Shell out a Jackson, buy some fresh corn from your local farmer’s market and blow your own mind without the hot kitchen and bloated belly you’d regularly get from slaving over some silly risotto.
Sweet Tuber Sweat Salad
1 summer truffle
2 ears of sweet corn
2 Tbs Spanish XVO (look for Arbequina)
1 bunch watercress
1 red jalapeno
1 green jalapeno
1 Tsp. fleur de sel
1 Tsp. ground black pepper
1. Using a mandolin, a very sharp vegetable peeler or, in a pinch, a cheese grater, shave the truffle into oblivion over a bowl. Cover the shaved truffle with olive oil and set aside.
2. Shuck your corn. Now, carefully slice off all the kernels.

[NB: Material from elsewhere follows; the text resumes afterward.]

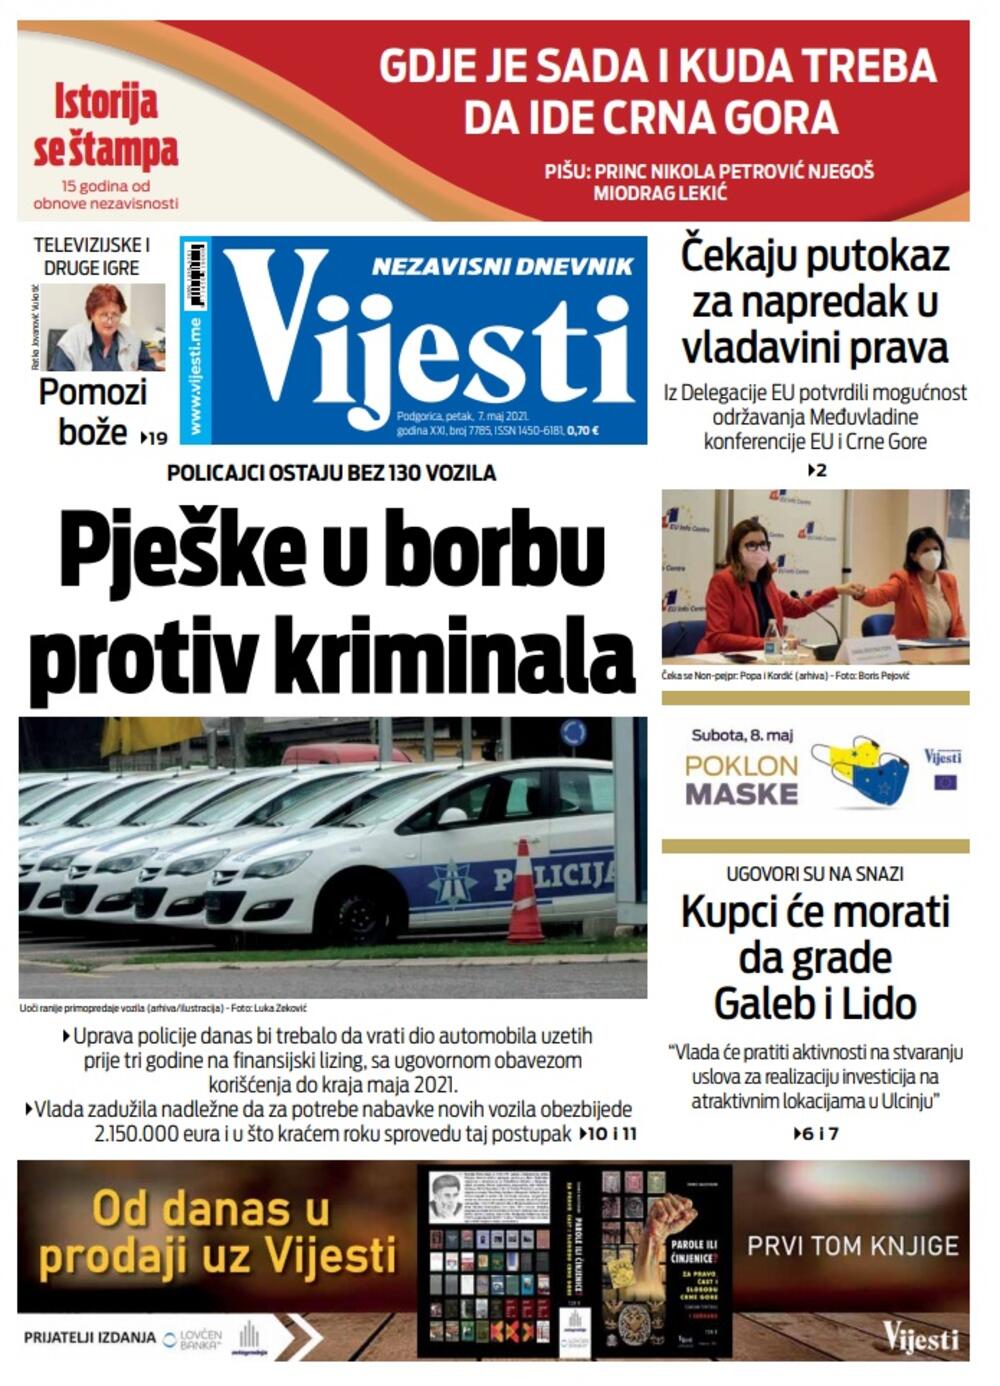 Naslovna strana "Vijesti" za petak 7. maj 2021. godine, Foto: Vijesti

Combine with the truffle and oil and toss.
3. Wash the watercress, and snip off all its leaves. Serve the corn-truffle combo atop the watercress. Garnish with sliced Jalapenos and Black Pepper.
Beverage: Jolly Pumpkin's Oro De Calabaza
Soundtrack: Yo La Tengo's cover of "Little Honda"

Calling all L.A. mouths,
Hot Knives will be grilling this Sunday, and every other Sunday in June, at an outdoor party series called Summer Camp, hosted by local web-radio station/venue Little Radio. Their warehouse hangar in Downtown’s industrial district gets transformed into an oasis of slip n’ slides, cocktail lounge kiddie pools, astro turf and badminton courts. The event is free, the beer is “donation only” and most importantly it’s a unique chance to taste the food that we talk up and glorify in pictures all over this blog — so you can tell we’re cooking real food here. (Bring cash to eat.) Best of all, you can keep us company grill-side while everyone else is watching bands play. We may even offer an impromptu beer tasting to offset the free piss beer. Shhhhhh… preliminary menu hints: Made-from-scratch seitan burgers, veggie chili cheese dogs, vegan potato salad and tabouleh salad.
If you come and you read the blog, please say hi!